The Construction of a Korean Pre-Trained Model and an Enhanced Application on Sentiment Analysis

Abstract: Recently, as interest in the Bidirectional Encoder Representations from Transformers (BERT) model has increased, many studies have also been actively conducted in Natural Language Processing based on the model. Such sentence-level contextualized embedding models are generally known to capture and model lexical, syntactic, and semantic information in sentences during training. Therefore, such models, including ELMo, GPT, and BERT, function as a universal model that can impressively perform a wide range of NLP tasks.

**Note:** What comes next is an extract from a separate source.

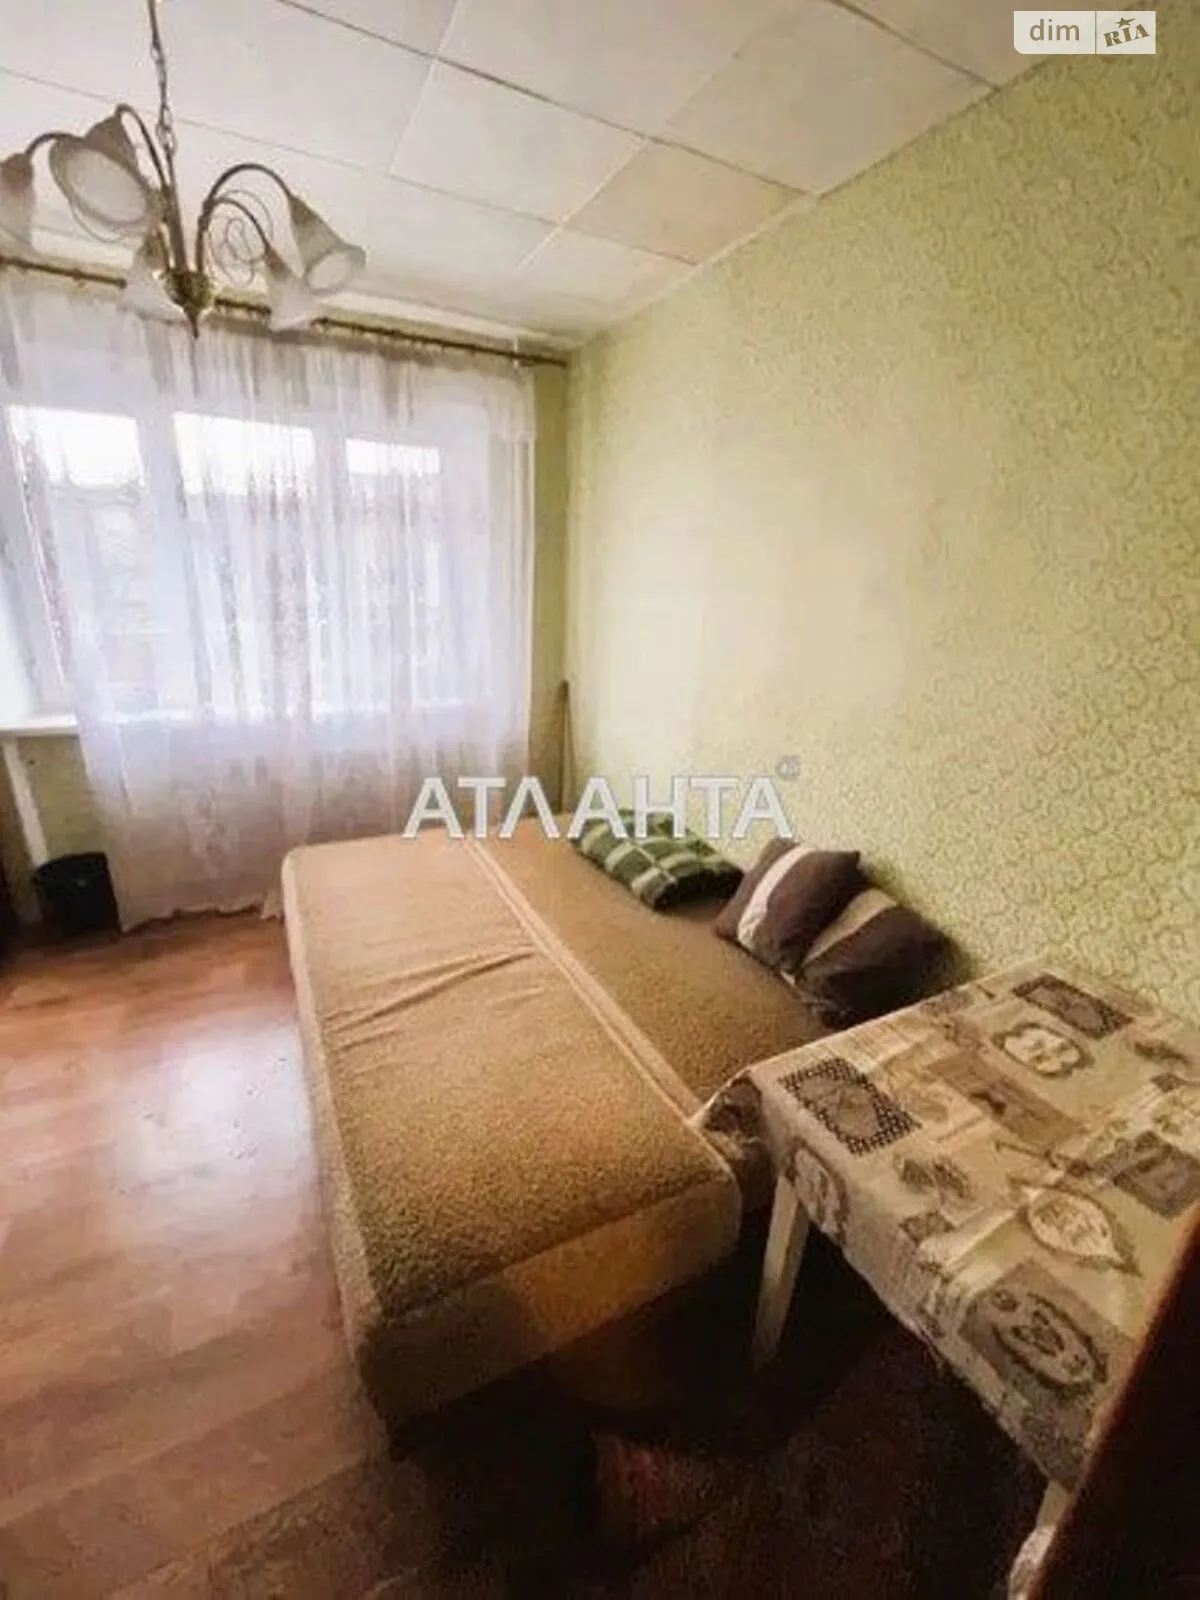 Продается комната 17.7 кв. м в Одессе, цена: 12000 $ - фото 1
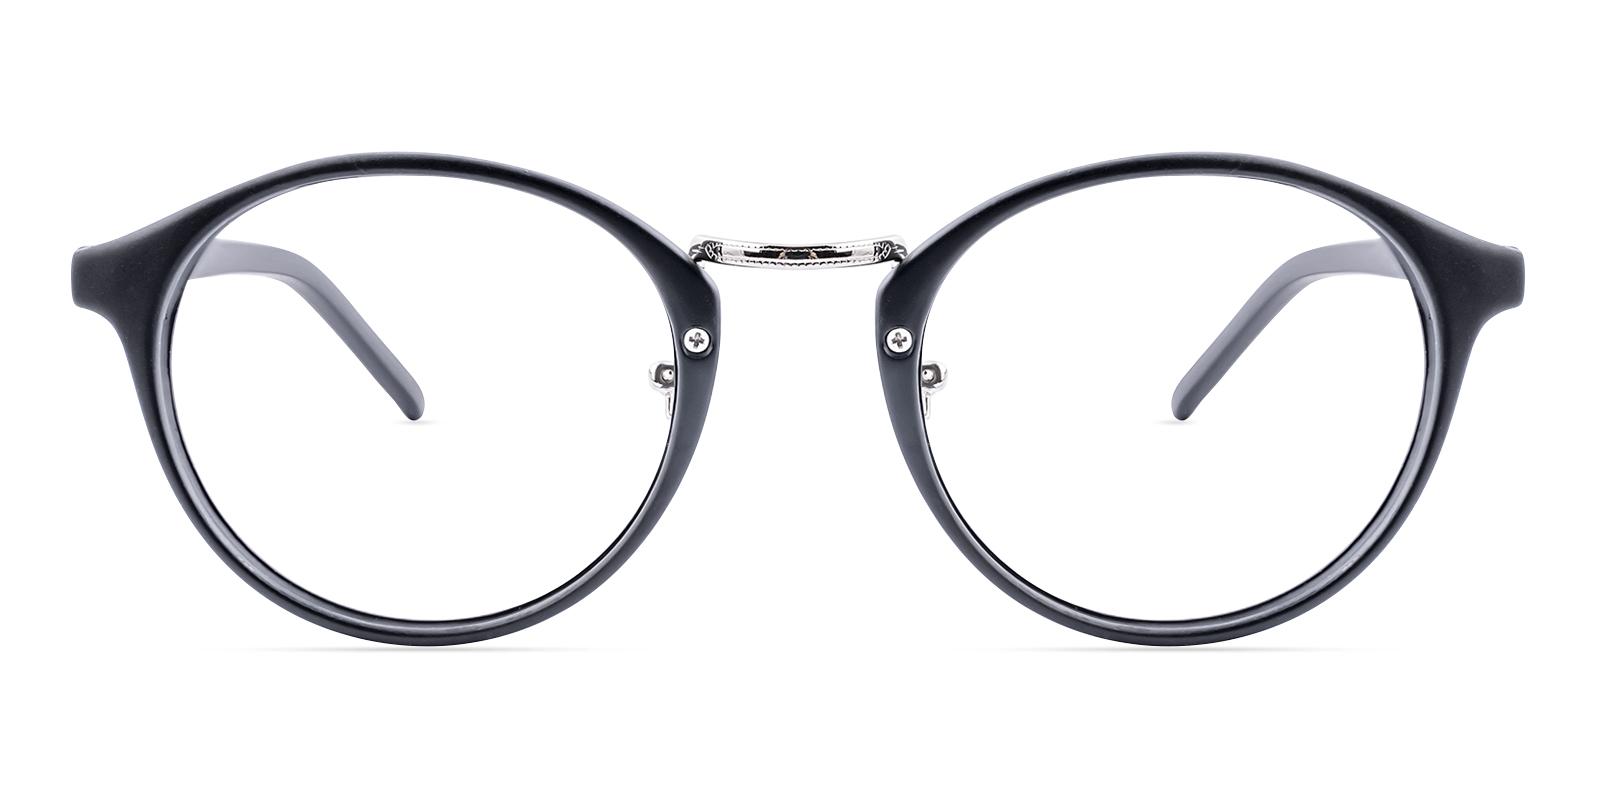 Youngitive Matte-black Plastic Eyeglasses , NosePads Frames from ABBE Glasses

This study proposes a monolingual BERT model trained based on Korean texts. The first released BERT model that can handle the Korean language was Google Researchs multilingual BERT (M-BERT), which was constructed with training data and a vocabulary composed of 104 languages, including Korean and English, and can handle the text of any language contained in the single model. However, despite the advantages of multilingualism, this model does not fully reflect each languages characteristics, so that its text processing performance in each language is lower than that of a monolingual model. While mitigating those shortcomings, we built monolingual models using the training data and a vocabulary organized to better capture Korean texts linguistic knowledge.
Therefore, in this study, a model named KR-BERT was built using training data composed of Korean Wikipedia text and news articles, and was released through GitHub so that it could be used for processing Korean texts. Additionally, we trained a KR-BERT-MEDIUM model based on expanded data by adding comments and legal texts to the training data of KR-BERT. Each model used a list of tokens composed mainly of Hangul characters as its vocabulary, organized using WordPiece algorithms based on the corresponding training data. These models reported competent performances in various Korean NLP tasks such as Named Entity Recognition, Question Answering, Semantic Textual Similarity, and Sentiment Analysis.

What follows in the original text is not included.